What is being asked »
With pictures excluded, copy word for word the lines in the data below from the line containing "Patrón de CROP" through the line containing "Heartsease flower in".

Exercise data »
________________

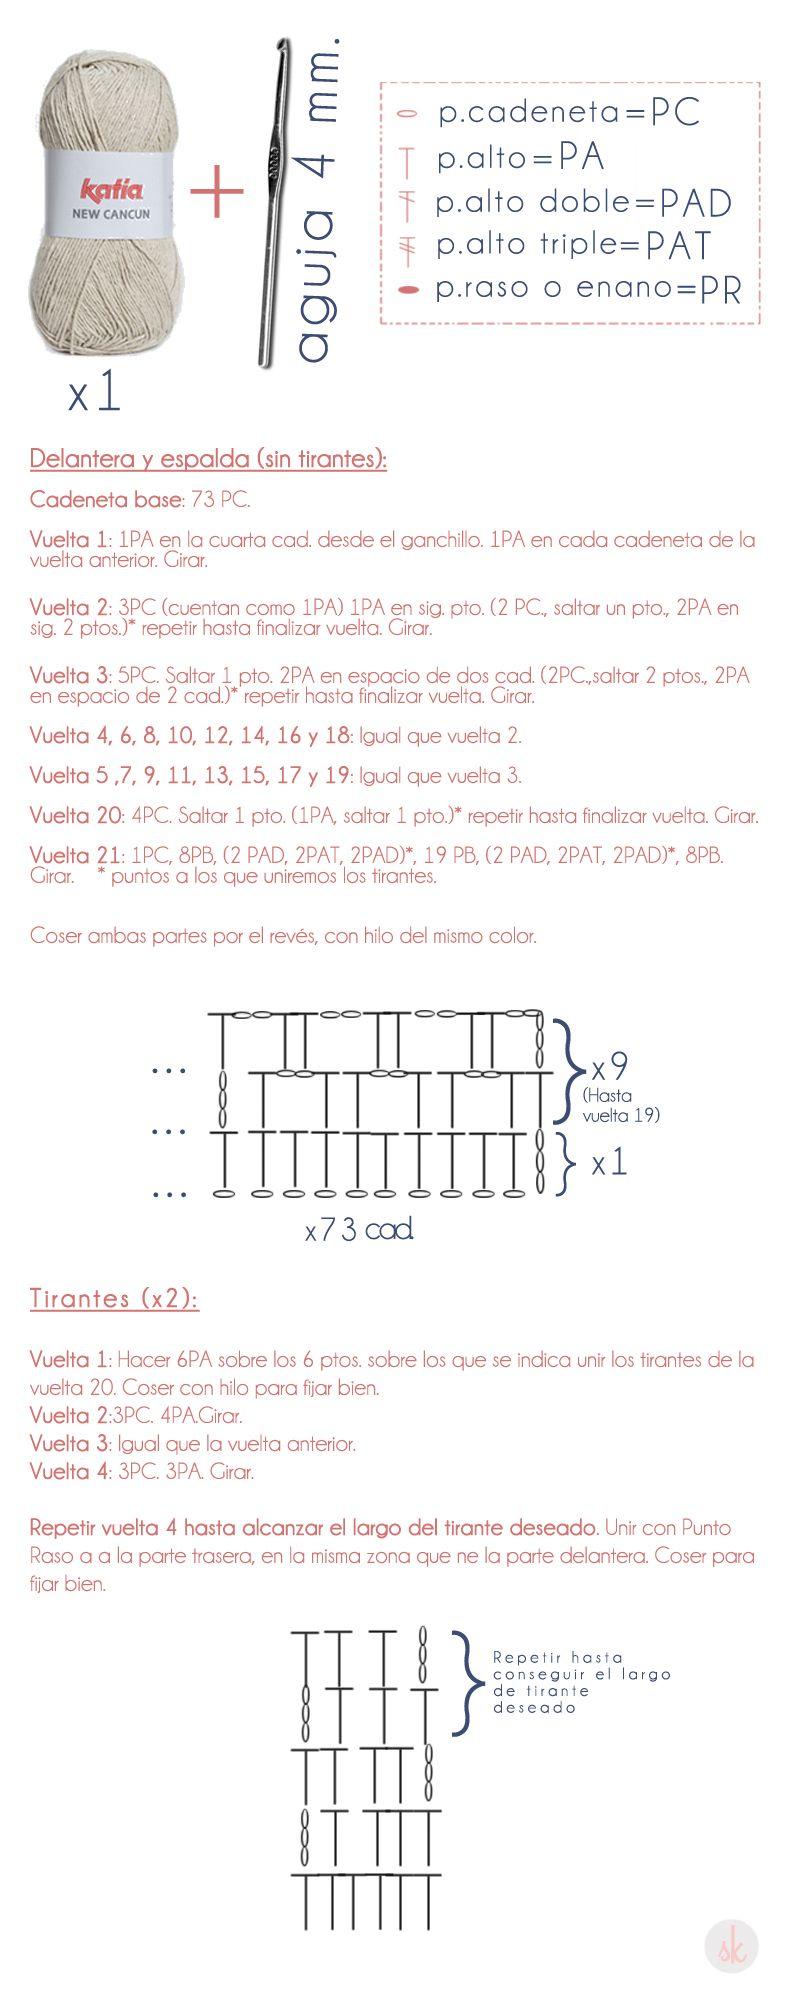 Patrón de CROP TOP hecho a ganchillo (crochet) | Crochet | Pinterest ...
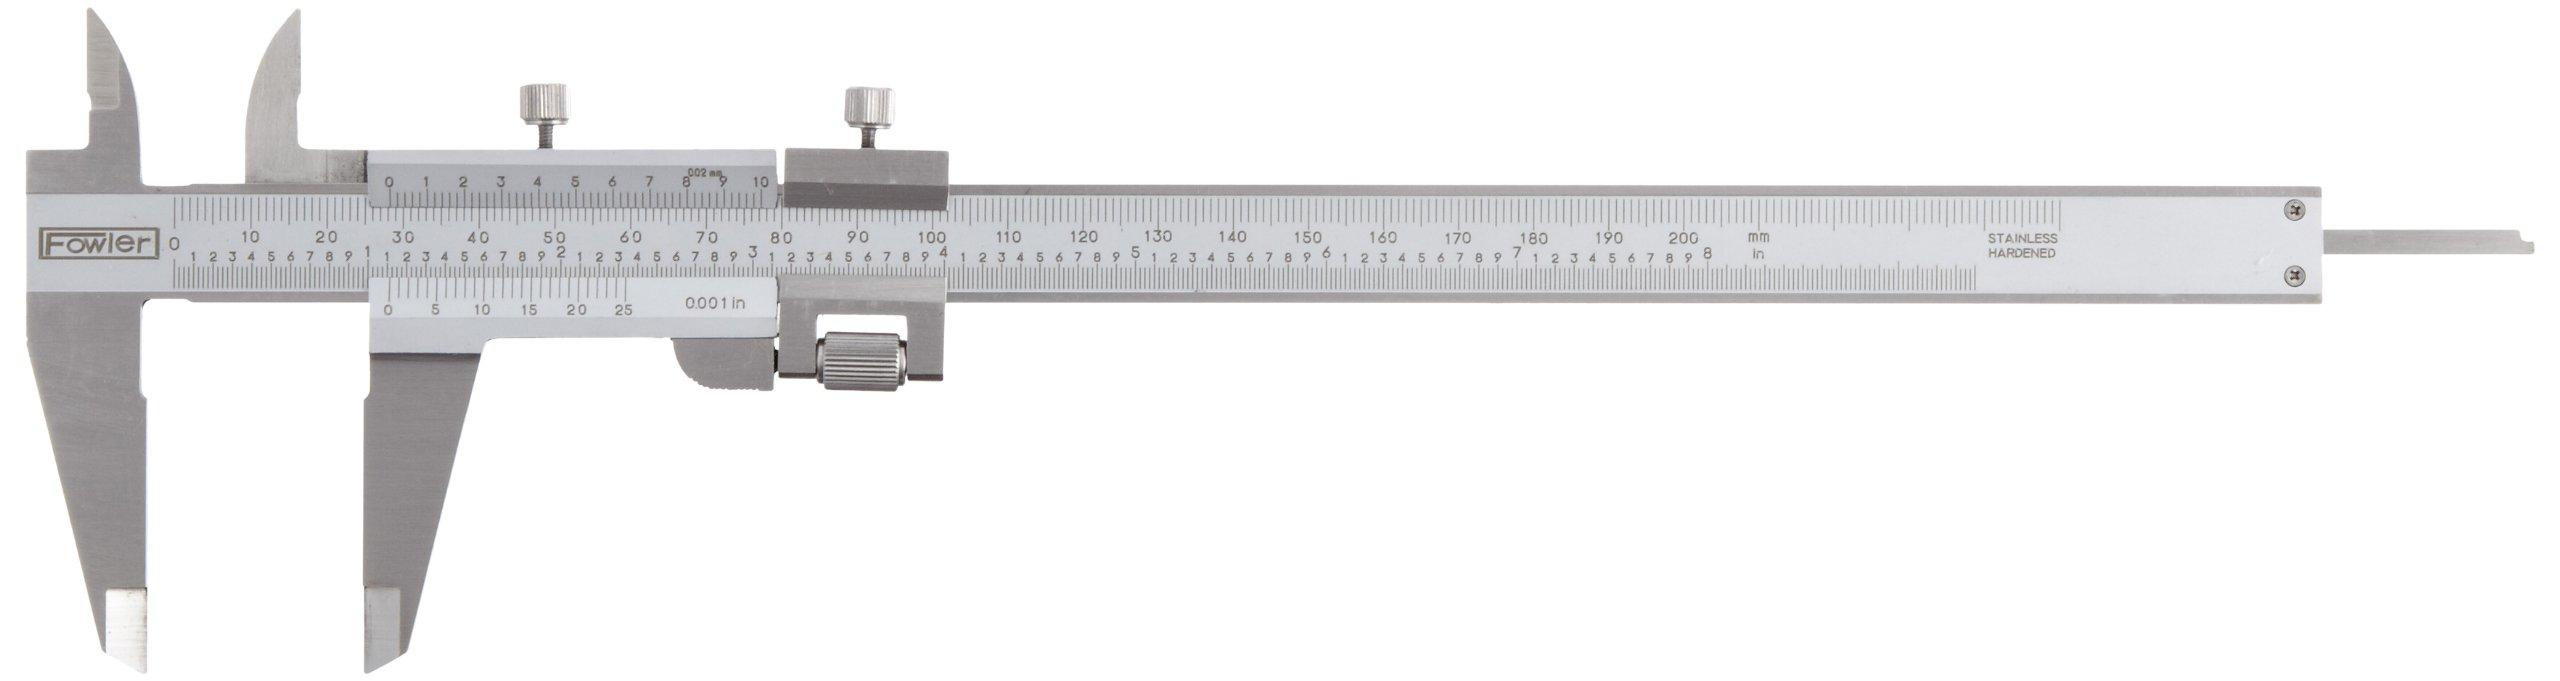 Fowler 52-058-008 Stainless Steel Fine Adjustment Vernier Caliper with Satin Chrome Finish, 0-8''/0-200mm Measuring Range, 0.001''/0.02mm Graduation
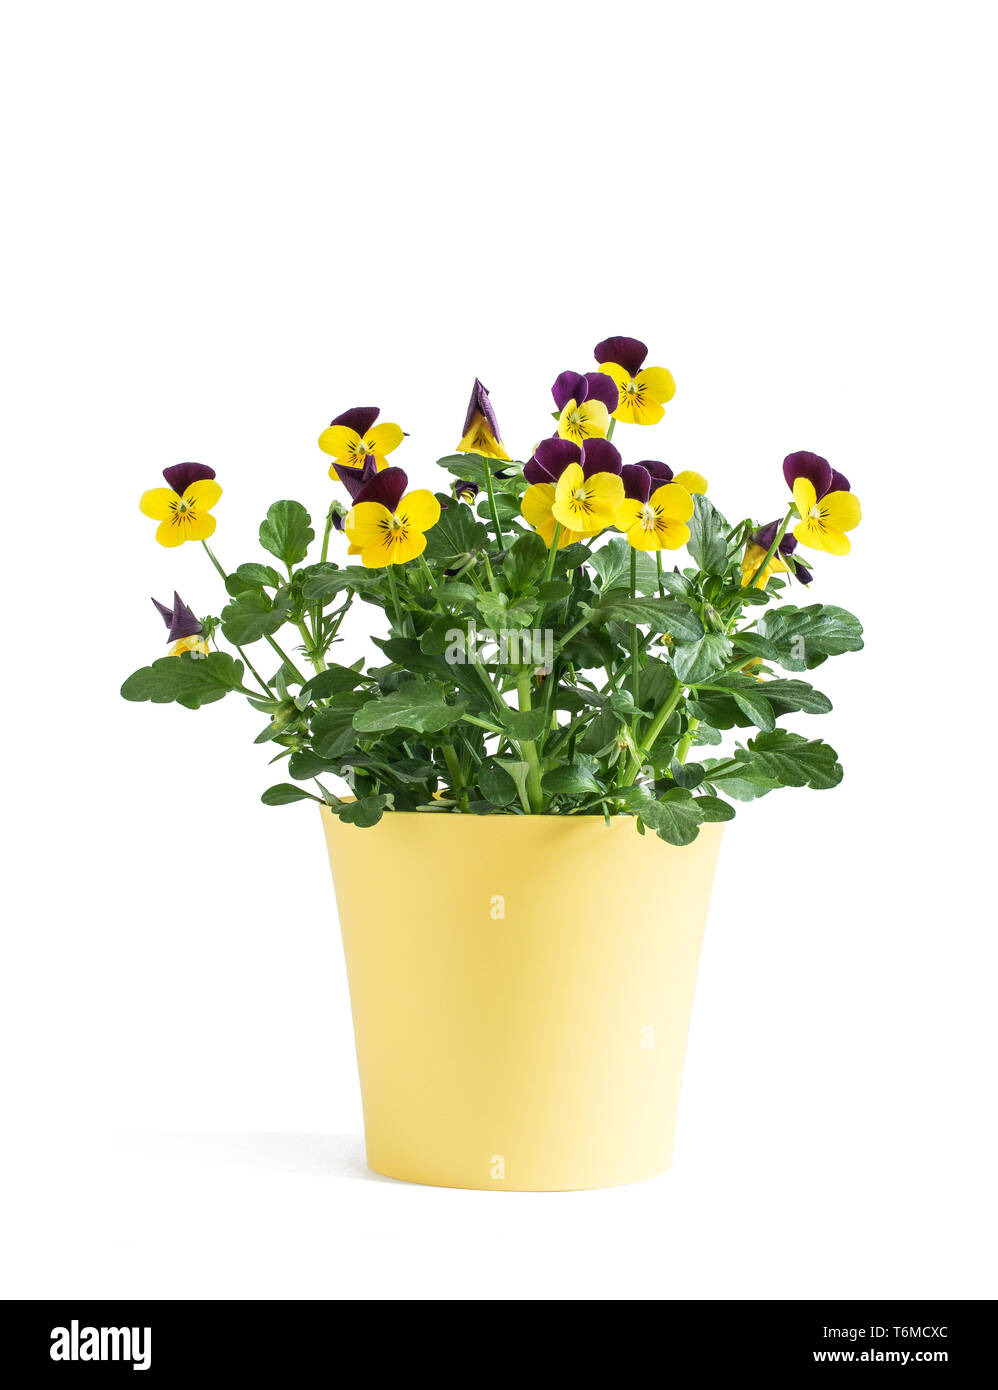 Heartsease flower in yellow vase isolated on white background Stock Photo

________________

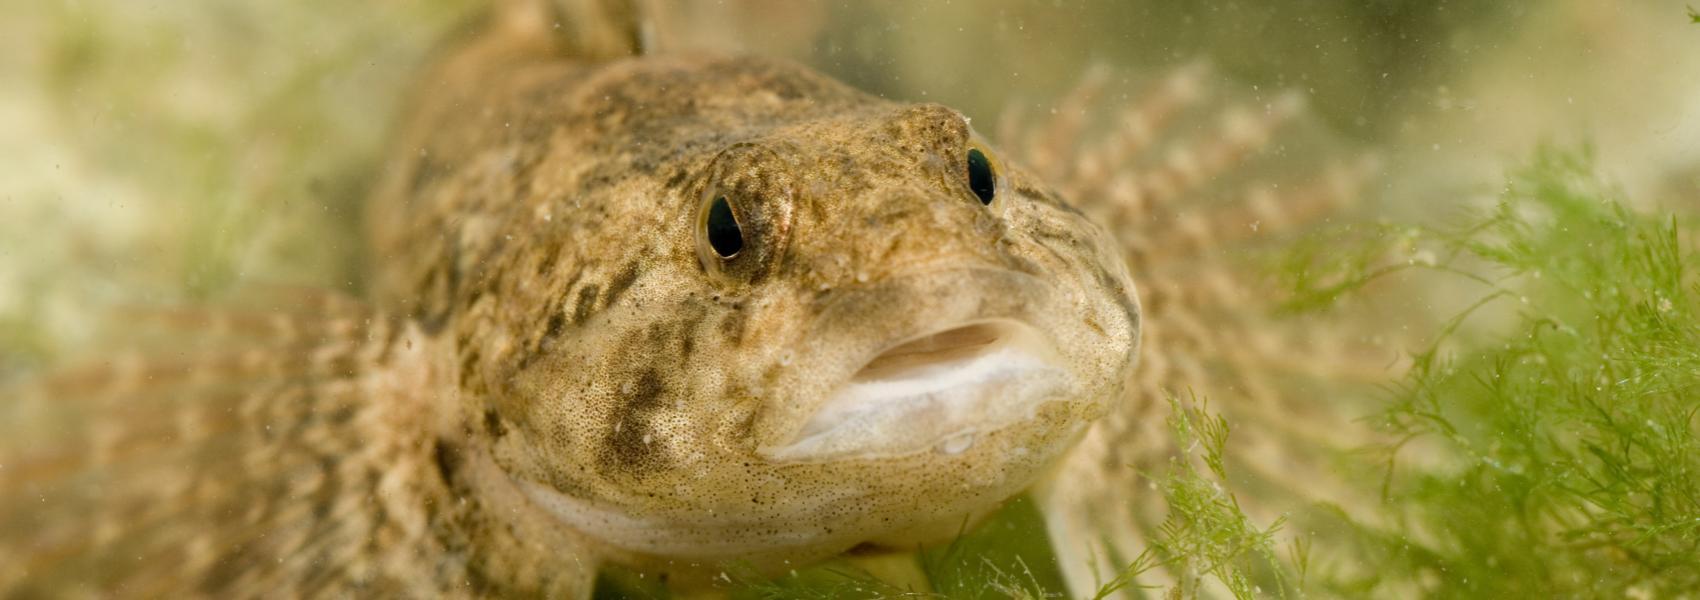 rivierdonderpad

________________

Exercise result »
 Patrón de CROP TOP hecho a ganchillo (crochet) | Crochet | Pinterest ...
 Fowler 52-058-008 Stainless Steel Fine Adjustment Vernier Caliper with Satin Chrome Finish, 0-8''/0-200mm Measuring Range, 0.001''/0.02mm Graduation
 Heartsease flower in yellow vase isolated on white background Stock Photo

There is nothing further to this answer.